Paul Moga was born in Saint Paul, Minnesota, on November 13, 1972, and lived in the Saint Paul suburb of North Oaks, Minnesota. He attended Cretin-Derham Hall High School, graduating in May 1991. After high school, Moga attended the United States Air Force Academy and graduated with the Class of 1995.

Military career 

After graduating from the Air Force Academy, Paul Moga remained at the Academy on casual status until he attended Joint Specialized Undergraduate Pilot Training at Laughlin Air Force Base, Texas. He graduated as the Distinguished Graduate, Academic Award, Flying Award and AETC Commander's Trophy recipient. Moga then attended Introduction to Fighter Fundamentals at Columbus Air Force Base, Mississippi, and F-15 Eagle Formal Training Unit (FTU) at Tyndall Air Force Base, Florida Upon graduation, he was then assigned to Elmendorf Air Force Base, Alaska, for three years. Following that assignment, Moga moved back to Tyndall Air Force base to serve as an F-15C FTU Instructor Pilot where he taught for four years. During that time, he attended Squadron Officer School at Maxwell Air Force Base, Alabama, and received Distinguished Graduate honors.

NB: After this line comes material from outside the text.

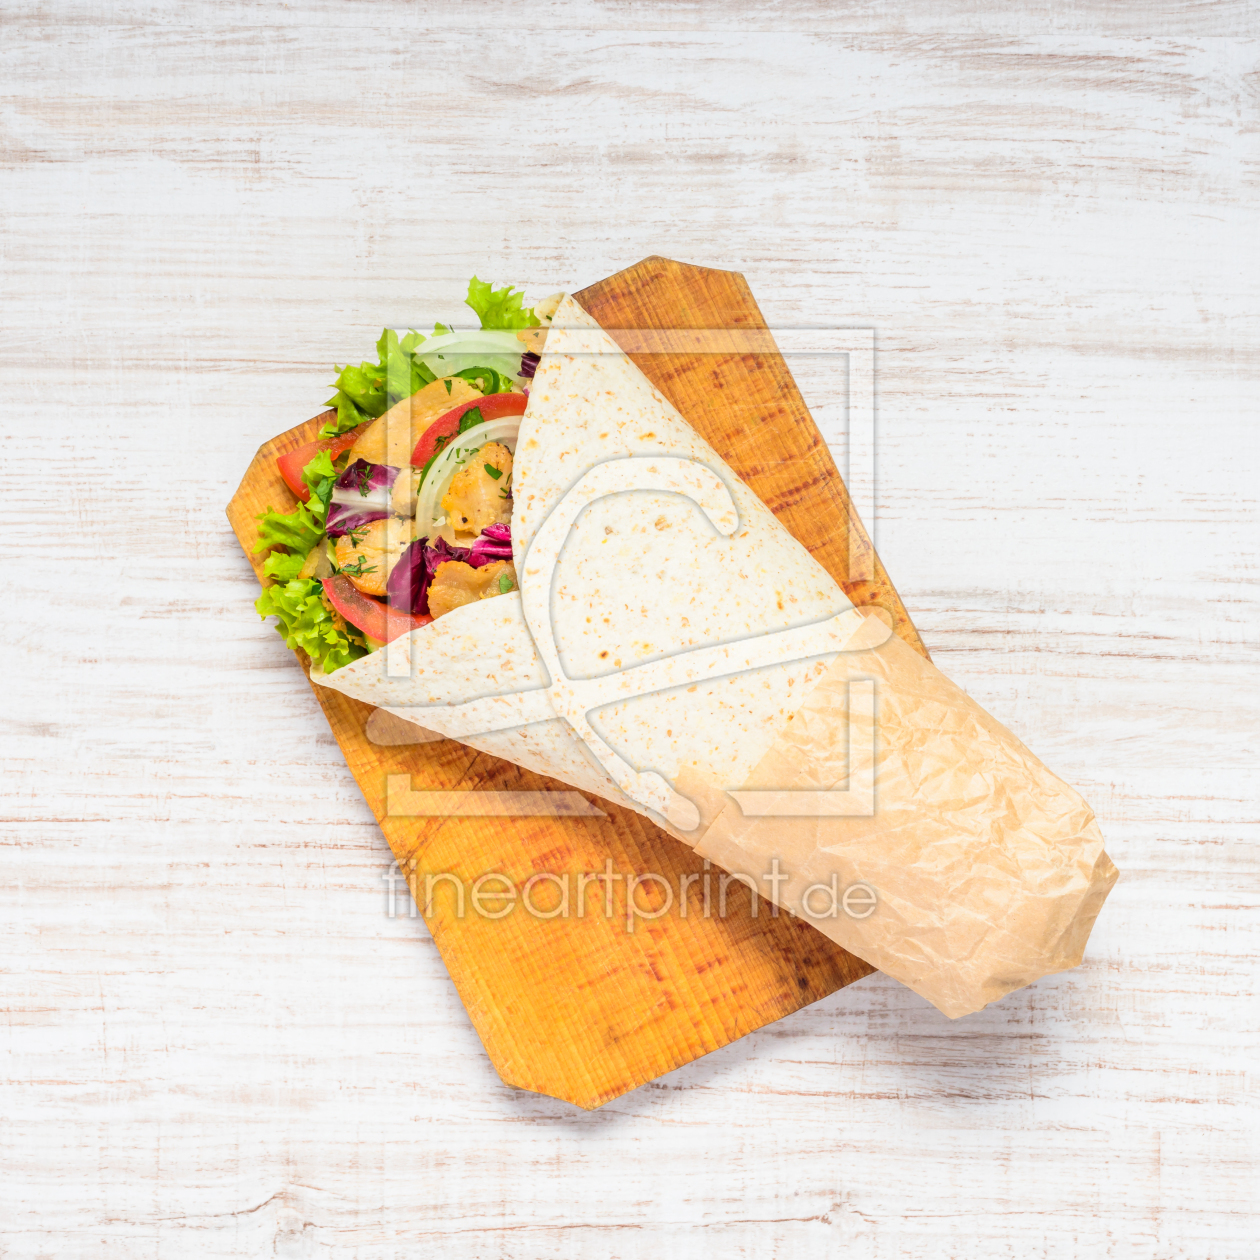 Bild-Nr.: 11857178 Shawarma Brot mit Fleisch und Gemüse erstellt von xfotostudio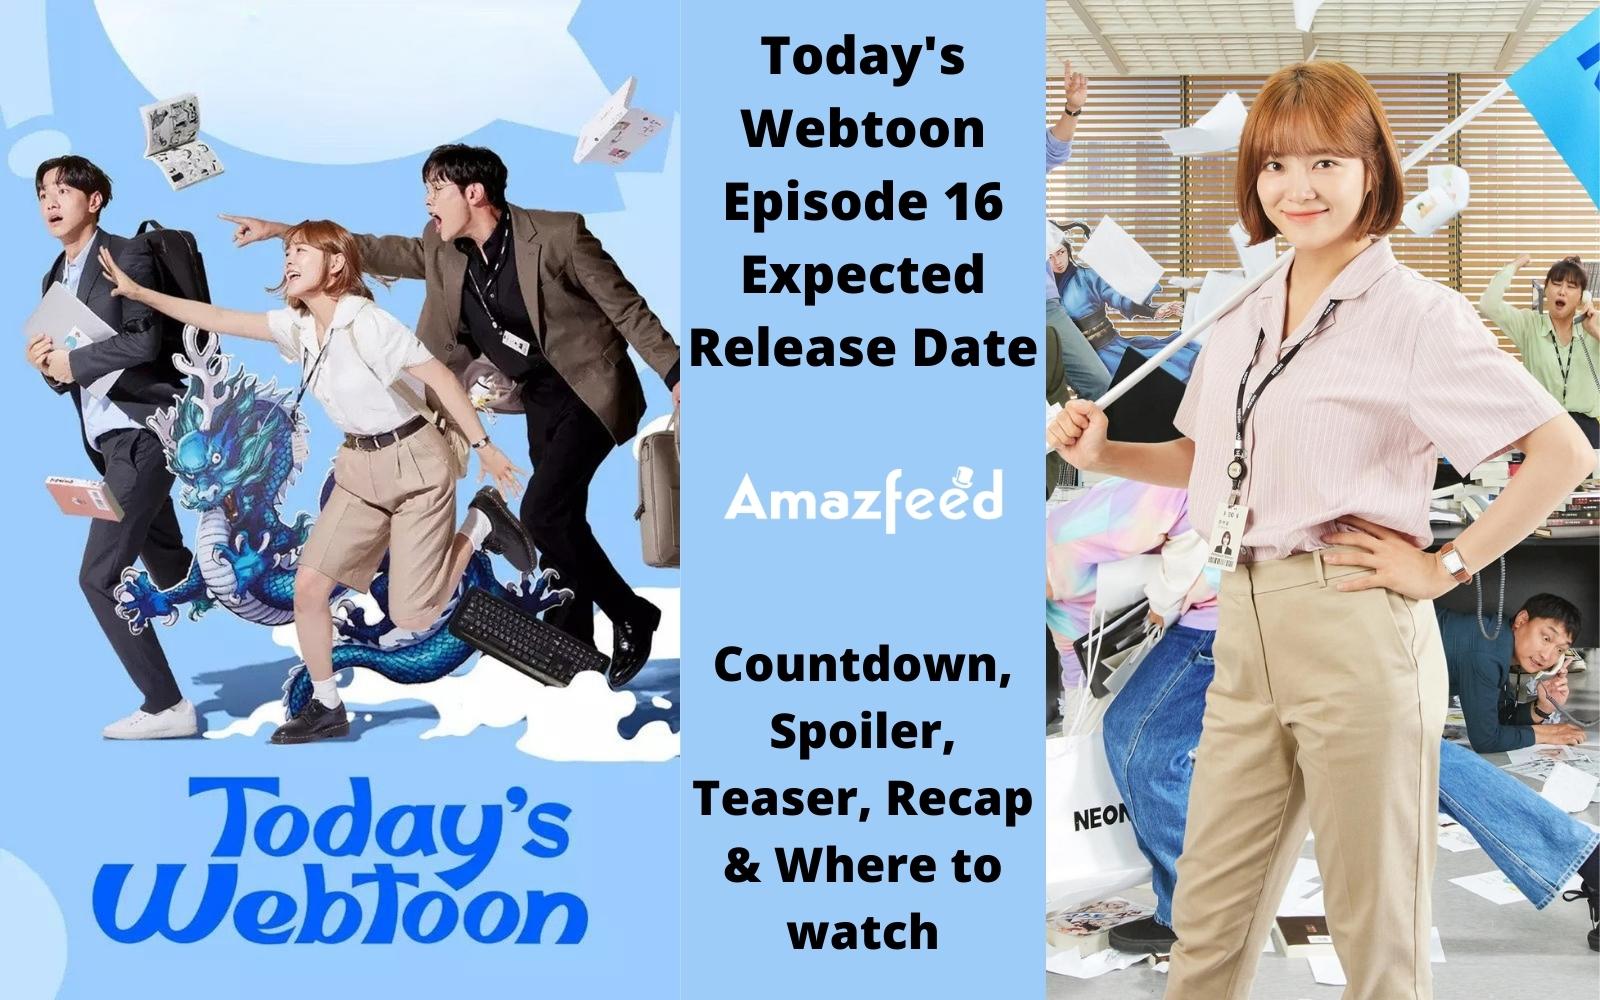 Today's Webtoon Episode 16 : Release Date, Countdown, Spoiler, Teaser, Recap & Where to watch

Moga was one of thirteen pilots Air Force-wide accepted into the F-22A Raptor program as initial FTU IP cadre in the 43rd Fighter Squadron at Tyndall AFB. He was the 43rd Fighter Squadron Flight Commander of the year in 2005 and the 325th Fighter Wing Lance P. Sijan Award nominee for 2006. In February 2006 he was selected to be the first F-22 Demonstration Pilot and moved to Langley Air Force Base in August of that year.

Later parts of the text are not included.